*WORK INSTRUCTION*.
Omit all pictures. Quote only the lines from the one with "A Pinch Of..." through the end of the material below.

*RAW DATA*.
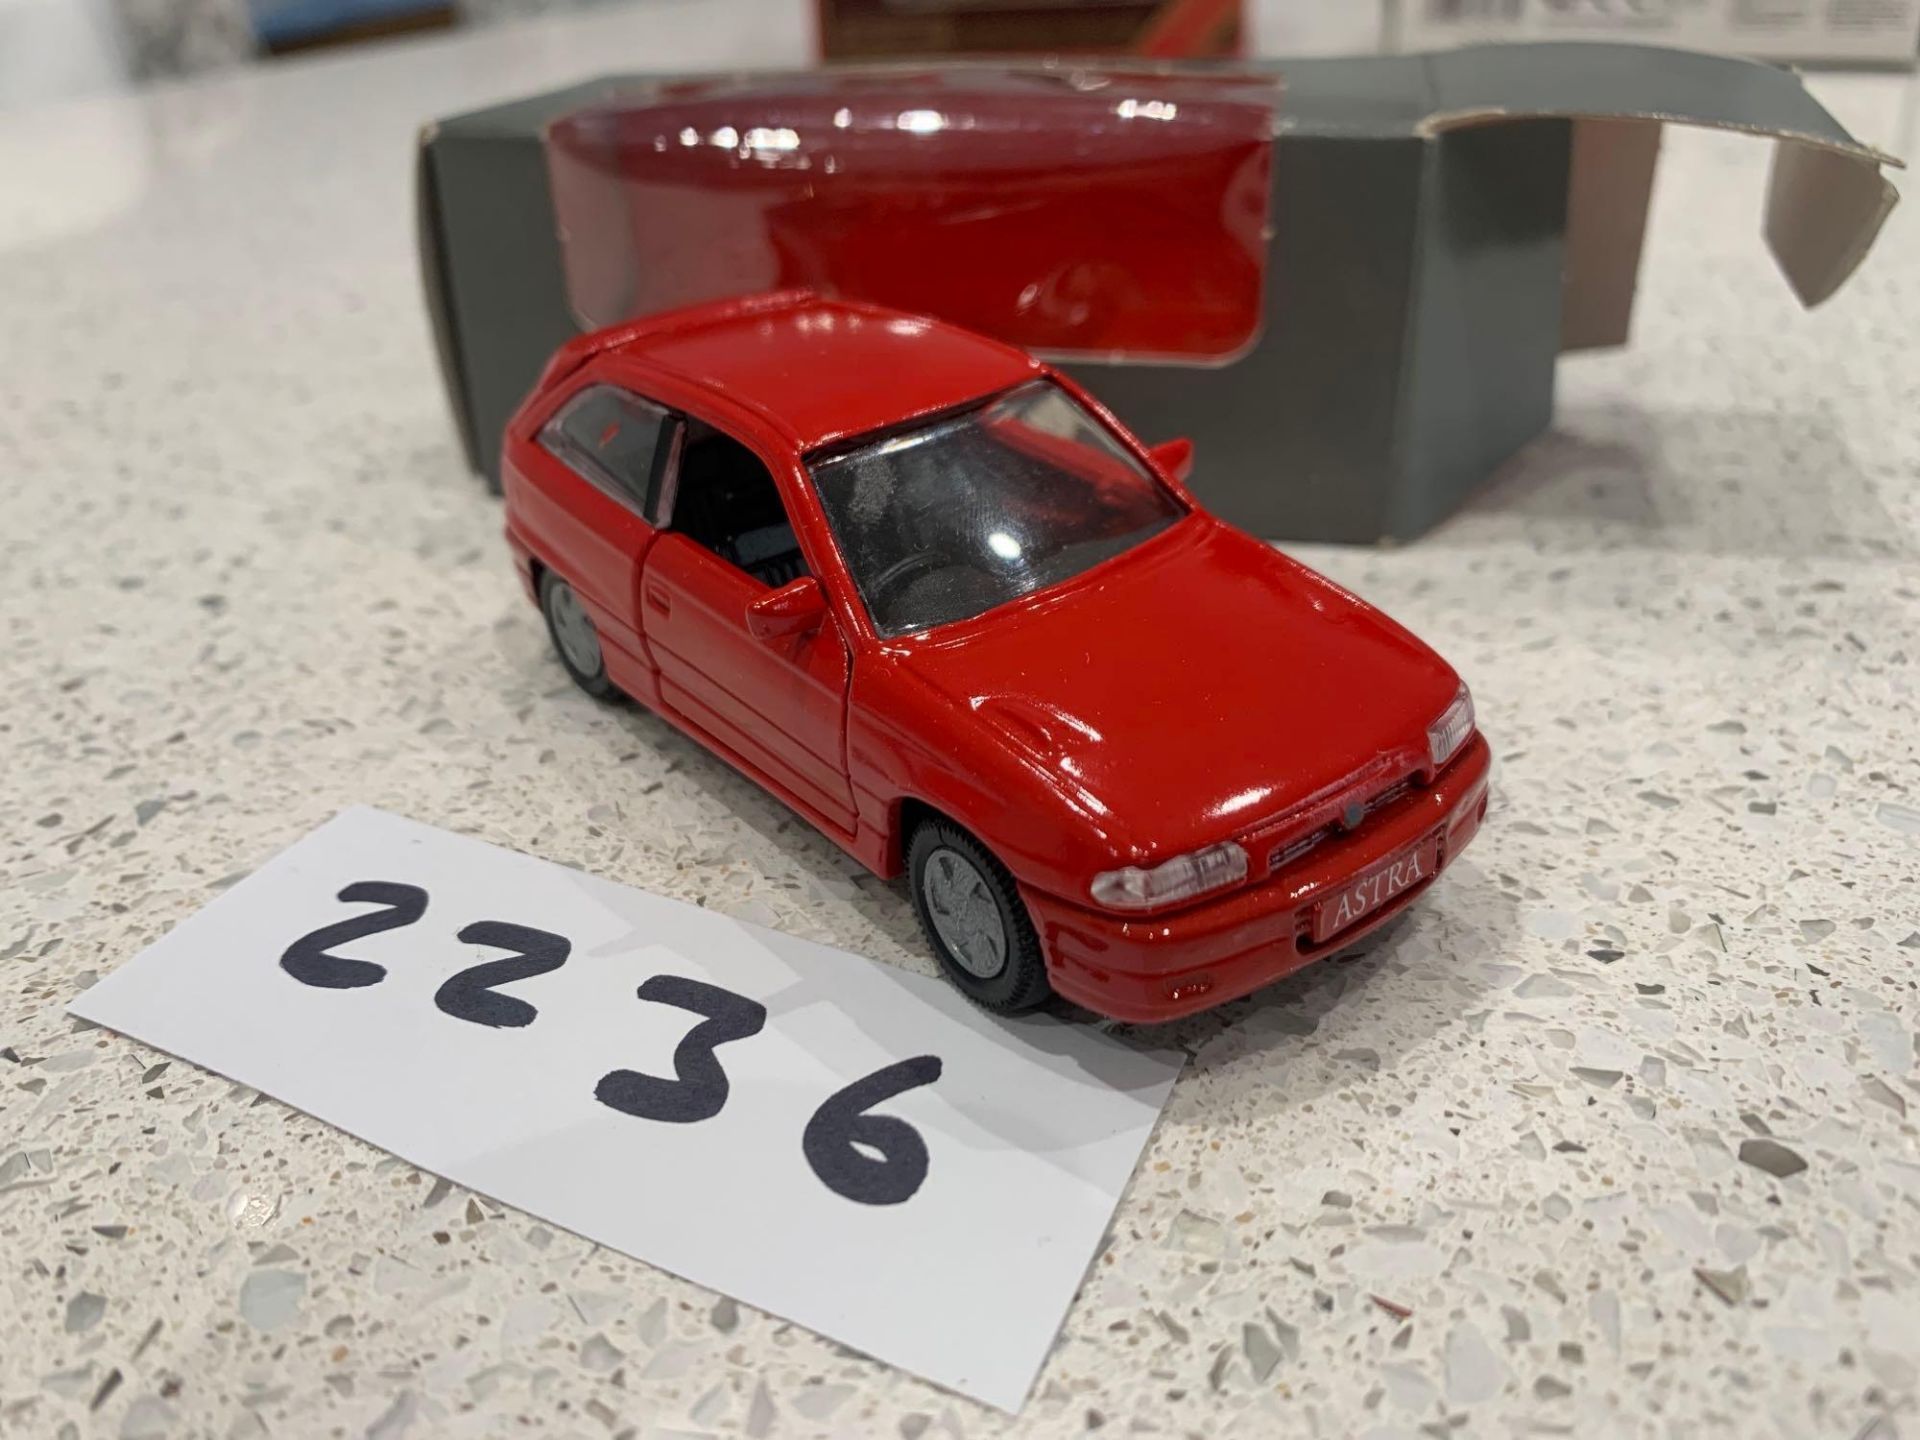 Gama Vauxhall Astra boxed 1:43 scale Dealers Model Red Made In Germany - Image 4 of 4
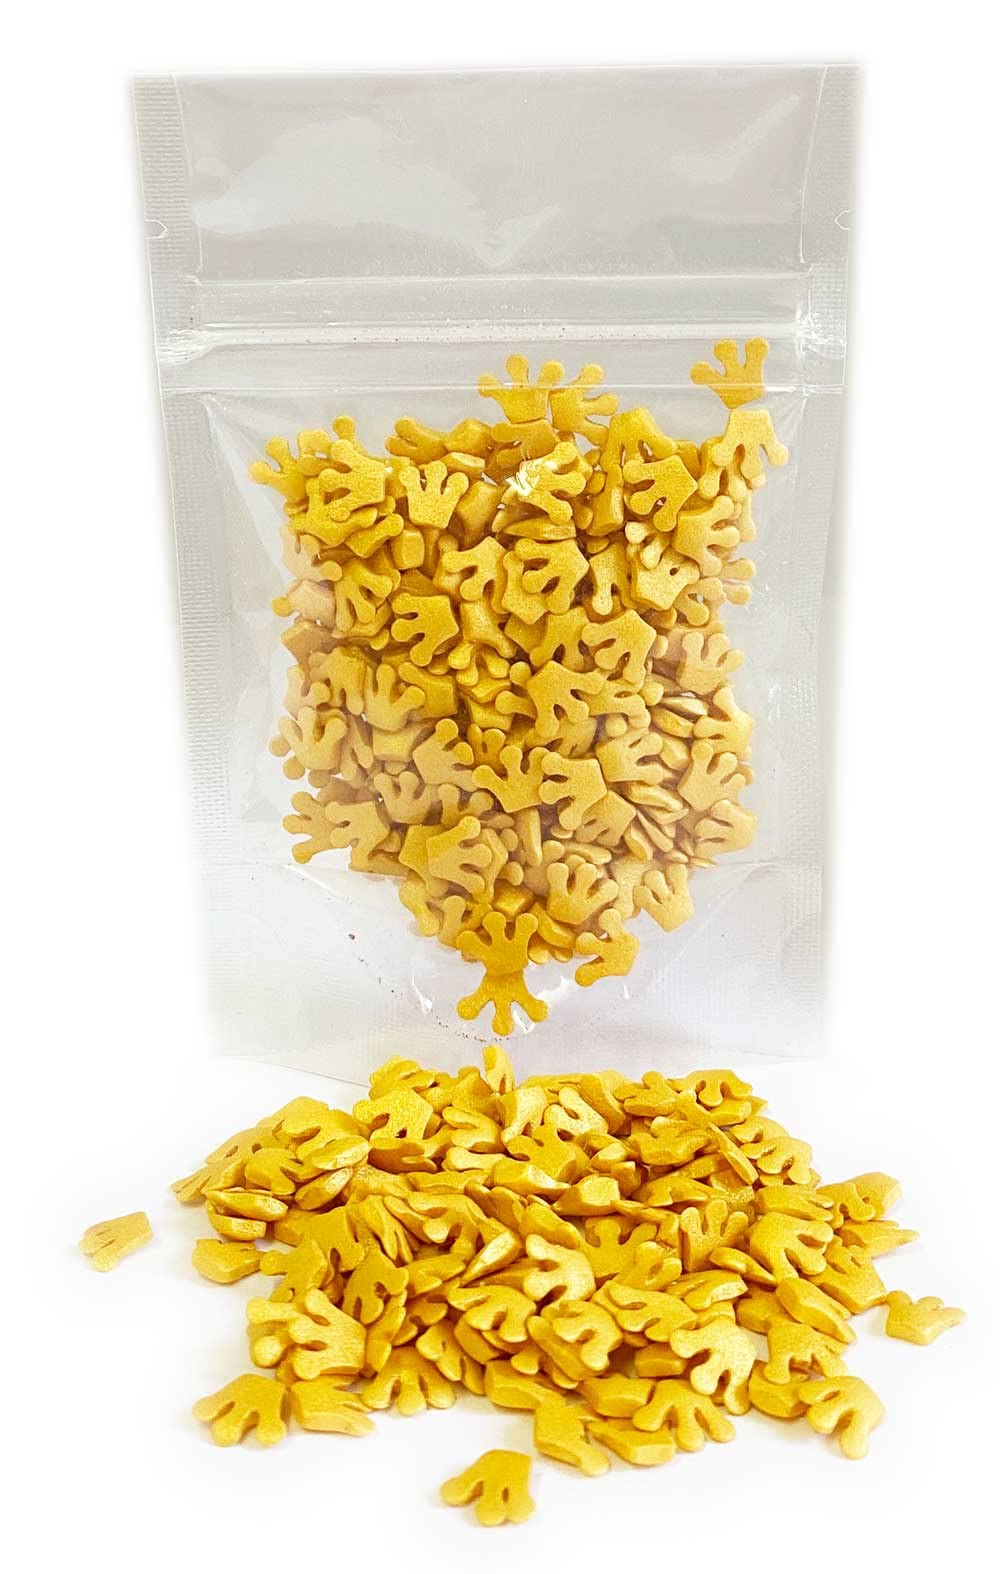 A Pinch Of... – Glimmer Gold Crown Shapes - 25g. Beautiful crowns, ideal for your Royal celebrations & princess themed cakes & bakes. Just enough for a single bake. (Gold Crowns)
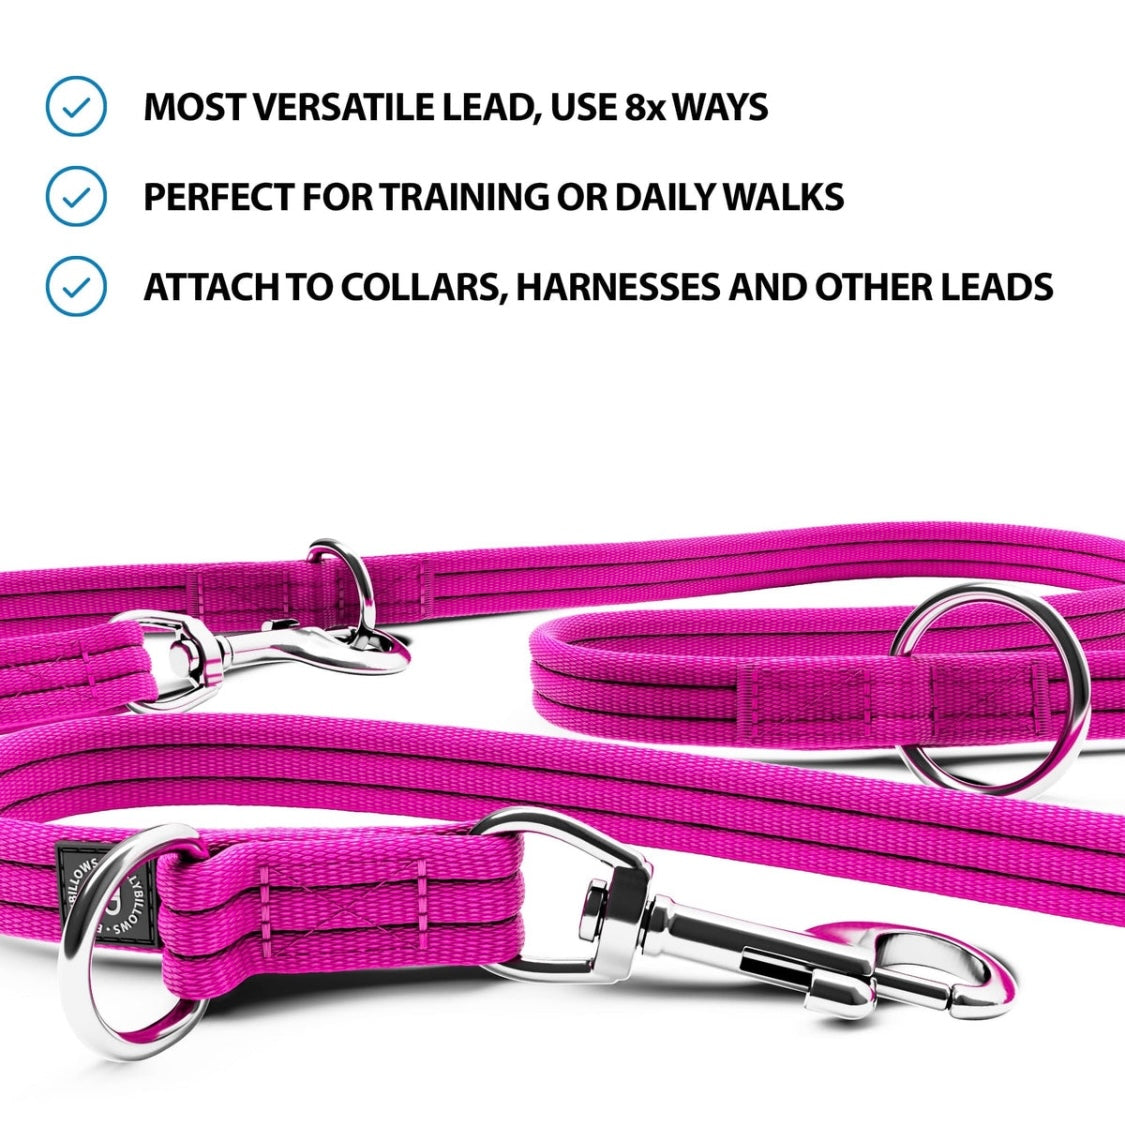 Double Ended Training Lead | All Breeds - Durable & Soft 2m Lead - Magentas

*TASK RESULT*.
 A Pinch Of... – Glimmer Gold Crown Shapes - 25g. Beautiful crowns, ideal for your Royal celebrations & princess themed cakes & bakes. Just enough for a single bake. (Gold Crowns)
 Double Ended Training Lead | All Breeds - Durable & Soft 2m Lead - Magentas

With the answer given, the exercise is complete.